Daily question: Determine whether a string is a valid parenthesis sequence

Problem-solving ideas:

1. Create an empty stack to assist in judging the validity of the parenthesis sequence.
2. Iterate over the given string, for each character:

• If the character is an opening parenthesis ( (, [, { ), push it onto the stack.
• If the character is a closing parenthesis ( ), ], }), then check if the stack is empty:
  • If the stack is empty, indicating that there are more closing parentheses than opening parentheses, and the sequence of parentheses is invalid, return False.
  • If the stack is not empty, pop the top element of the stack and check whether the popped left parenthesis matches the current closing parenthesis:
    • If there is no match, the parenthesis sequence is invalid and False is returned.
    • If it matches, move on to the next character.

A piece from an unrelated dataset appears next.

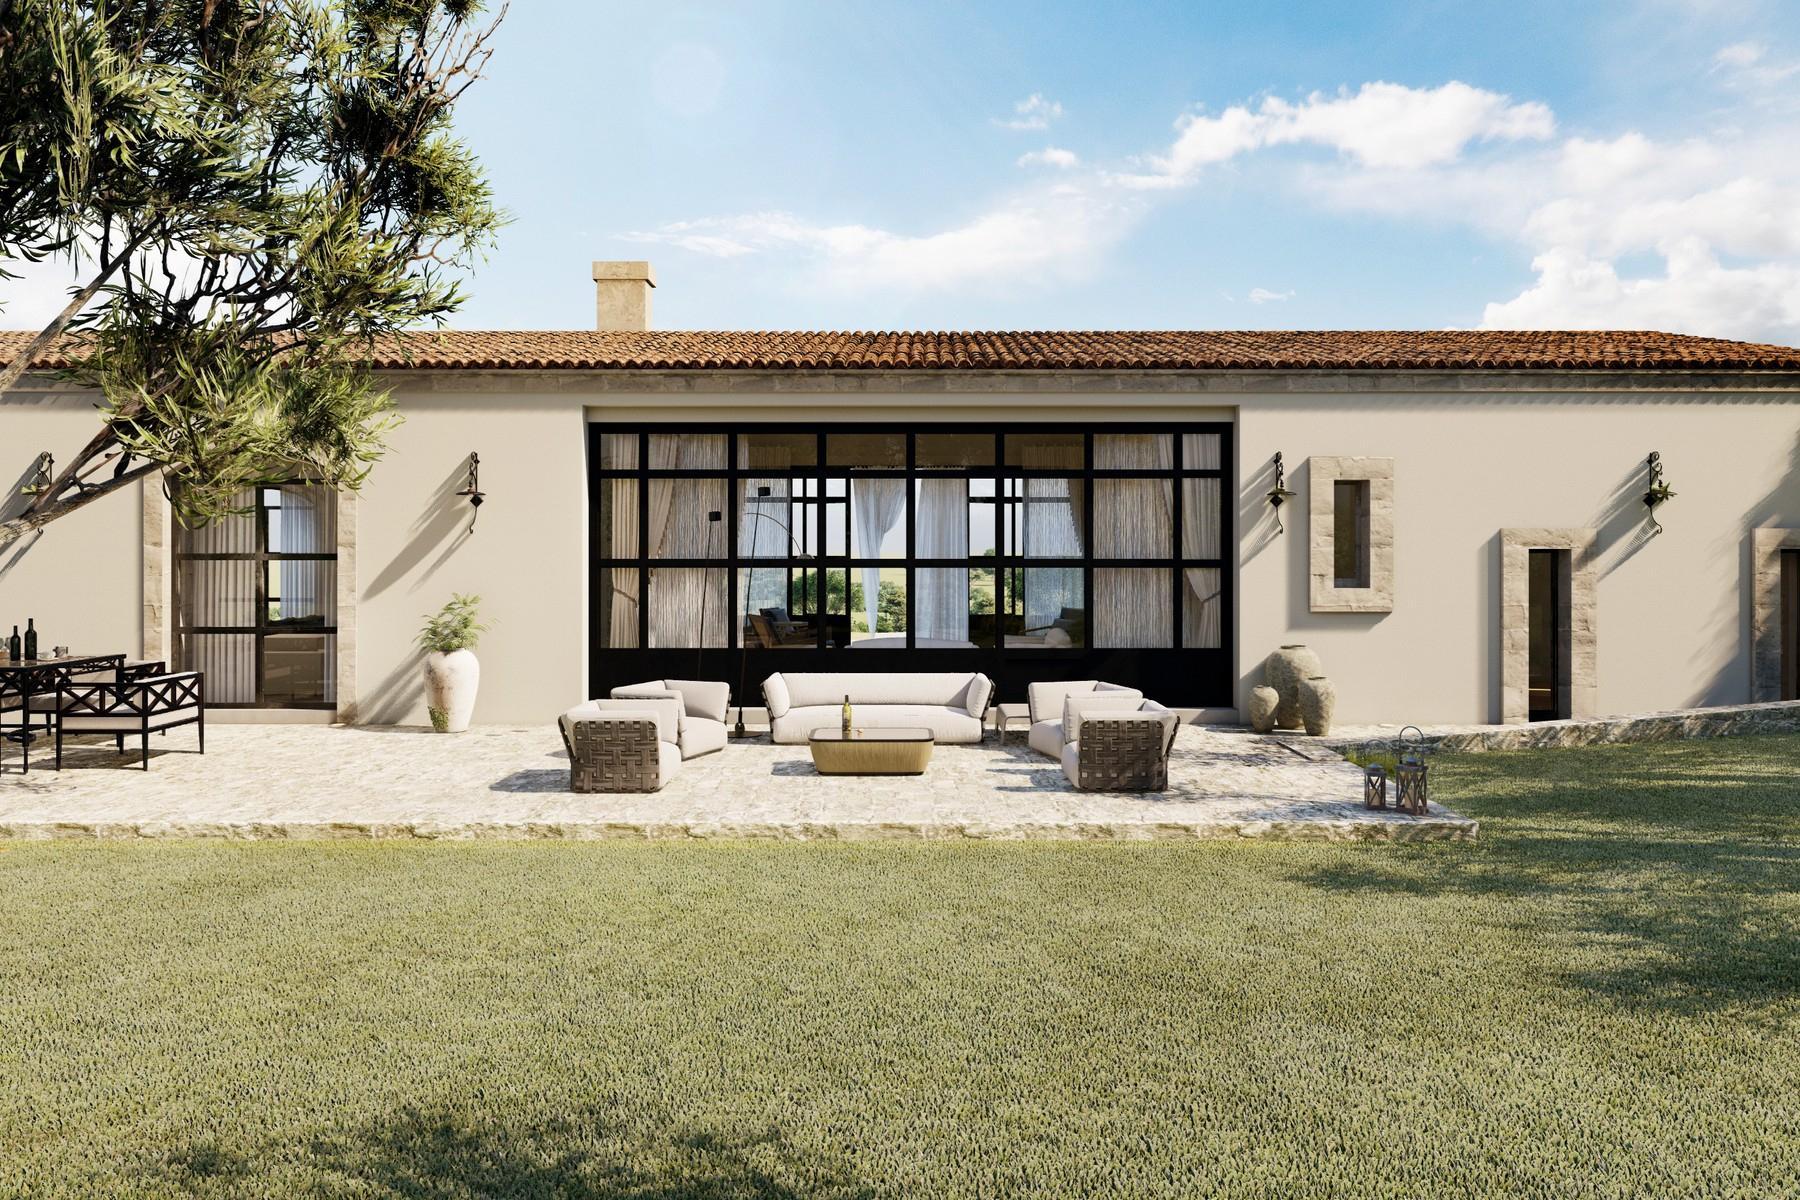 Val di Noto 的带游泳池及豪华设计的农舍 - 4

3. After traversal, check whether the stack is empty:

• If the stack is empty, it means that all opening brackets have matching closing brackets, and the sequence of brackets is valid, return True.
• If the stack is not empty, indicating that there are more left parentheses than right parentheses, and the sequence of parentheses is invalid, return False.
  Code implementation and comments:

def is_valid_parentheses(s):
    # 创建一个空栈
    stack = []
    
    # 遍历字符串
    for char in s:
        if char in ['(', '[', '{']:
            # 左括号，压入栈
            stack.append(char)
        else:
            # 右括号，检查栈是否为空
            if not stack:
                # 栈为空，右括号多于左括号，无效
                return False
            
            # 弹出栈顶元素
            top = stack.pop()
            
            # 检查弹出的左括号与当前右括号是否匹配
            if (top == '(' and char != ')') or (top == '[' and char != ']') or (top == '{' and char != '}'):
                # 括号不匹配，无效
                return False
    
    # 检查栈是否为空
    return len(stack) == 0

# 测试
s = "()"
result = is_valid_parentheses(s)
print(result)  # 输出: True，因为括号序列有效

s = "()[]{}"
result = is_valid_parentheses(s)
print(result)  # 输出: True，因为括号序列有效

s = "(]"
result = is_valid_parentheses(s)
print(result)  # 输出: False，因为括号序列无效

s = "([)]"
result = is_valid_parentheses(s)
print(result)  # 输出: False，因为括号序列无效

The time complexity of this algorithm is O(n), where n is the length of the string. During the execution of the algorithm, we need to traverse the string once, and perform push and pop operations on the stack. Since each character is pushed and popped at most once, the total time complexity is linear.